Fun with Maths - Part 1 - Divisibility - by P.K.Odendaal - August 2012

I find Maths exciting, fun and empowering. At its most elementary I know how old I am, what my bank balance is, and what my age will be at my next birthday. This opens up my world to comparisons and many other such useless things.
But, it is also the basis on which the Universe is created. Simple, powerful, logical, complex and mystical. No wonder the early Pythagoreans were thought to be mystic philosophers.
I have had coffee with a maths teacher of Canada once, and I thought that the coffee 'break' would be a very fruitful discussion on physics, until I found out that he knew nothing about physics. I was totally flabbergasted, and could not imagine that someone would know maths well, but would know nothing of physics. To me it was like a mechanic walking around with a box of spanners, not knowing what a spanner is used for.

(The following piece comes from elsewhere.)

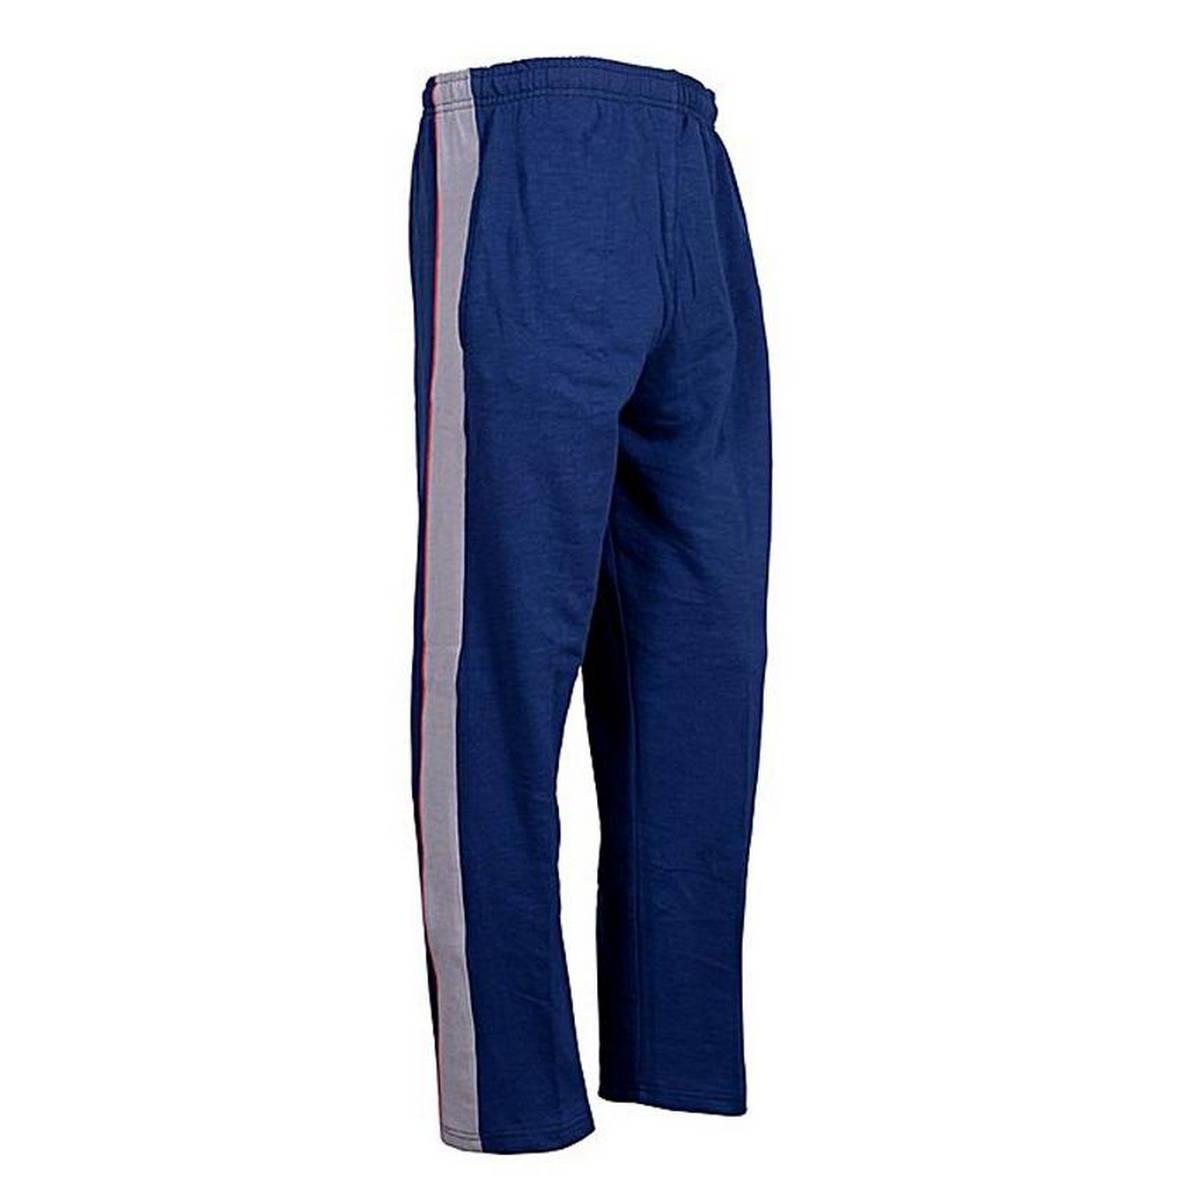 Cotton Cargo Trouser For Men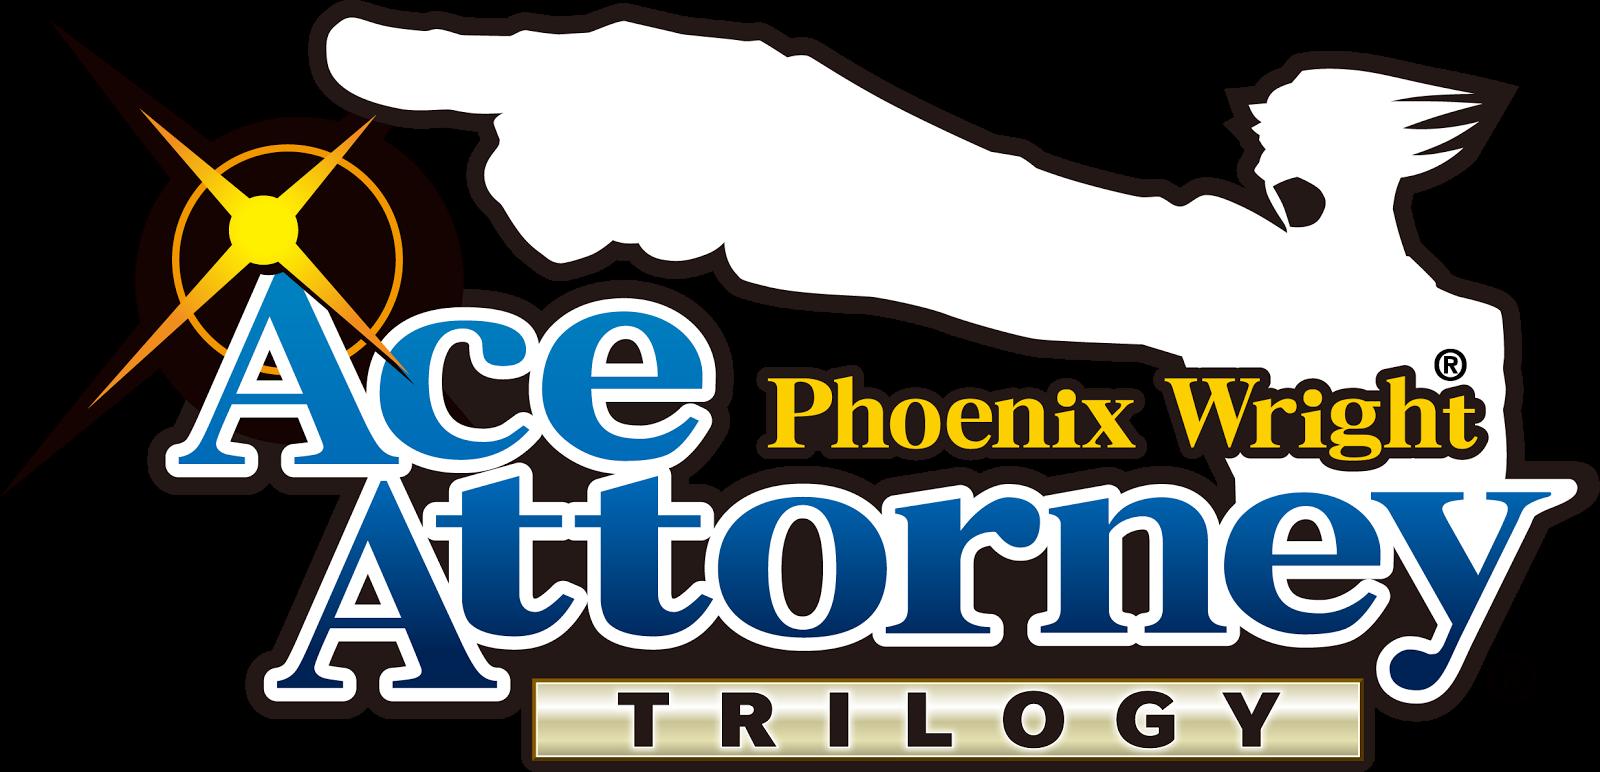 http://aceattorney.wikia.com/wiki/Phoenix_Wright:_Ace_Attorney_Trilogy

Later, however, I realised that maths was a subject on its own with very interesting properties by itself. Someone once said that the study of the integers (whole numbers) is very interesting and totally useless. For me it's fun.
Stephen Hawking wrote a book titled : 'God created the integers'. Of course God created the integers, but He also created the vulgar fractions, or does Hawking mean the devil did that? We will dwell on integers and vulgar fractions ... and many more.
At first I thought that this series should be called Maths for Dummies, but I quickly decided against that, because dummies do not read my articles. I write mainly for the uninitiated and the super rationals - not as in rational numbers, because rational numbers are not rational anymore.
I start this part with a very easy concept called divisibility. And funny enough, it has some value in life. If I have 345 sweets, will I be able to divide it equally between us three? Without dividing the whole number by 3, I can already easily say yes, because 3+4+5=12 is divisible by 3. 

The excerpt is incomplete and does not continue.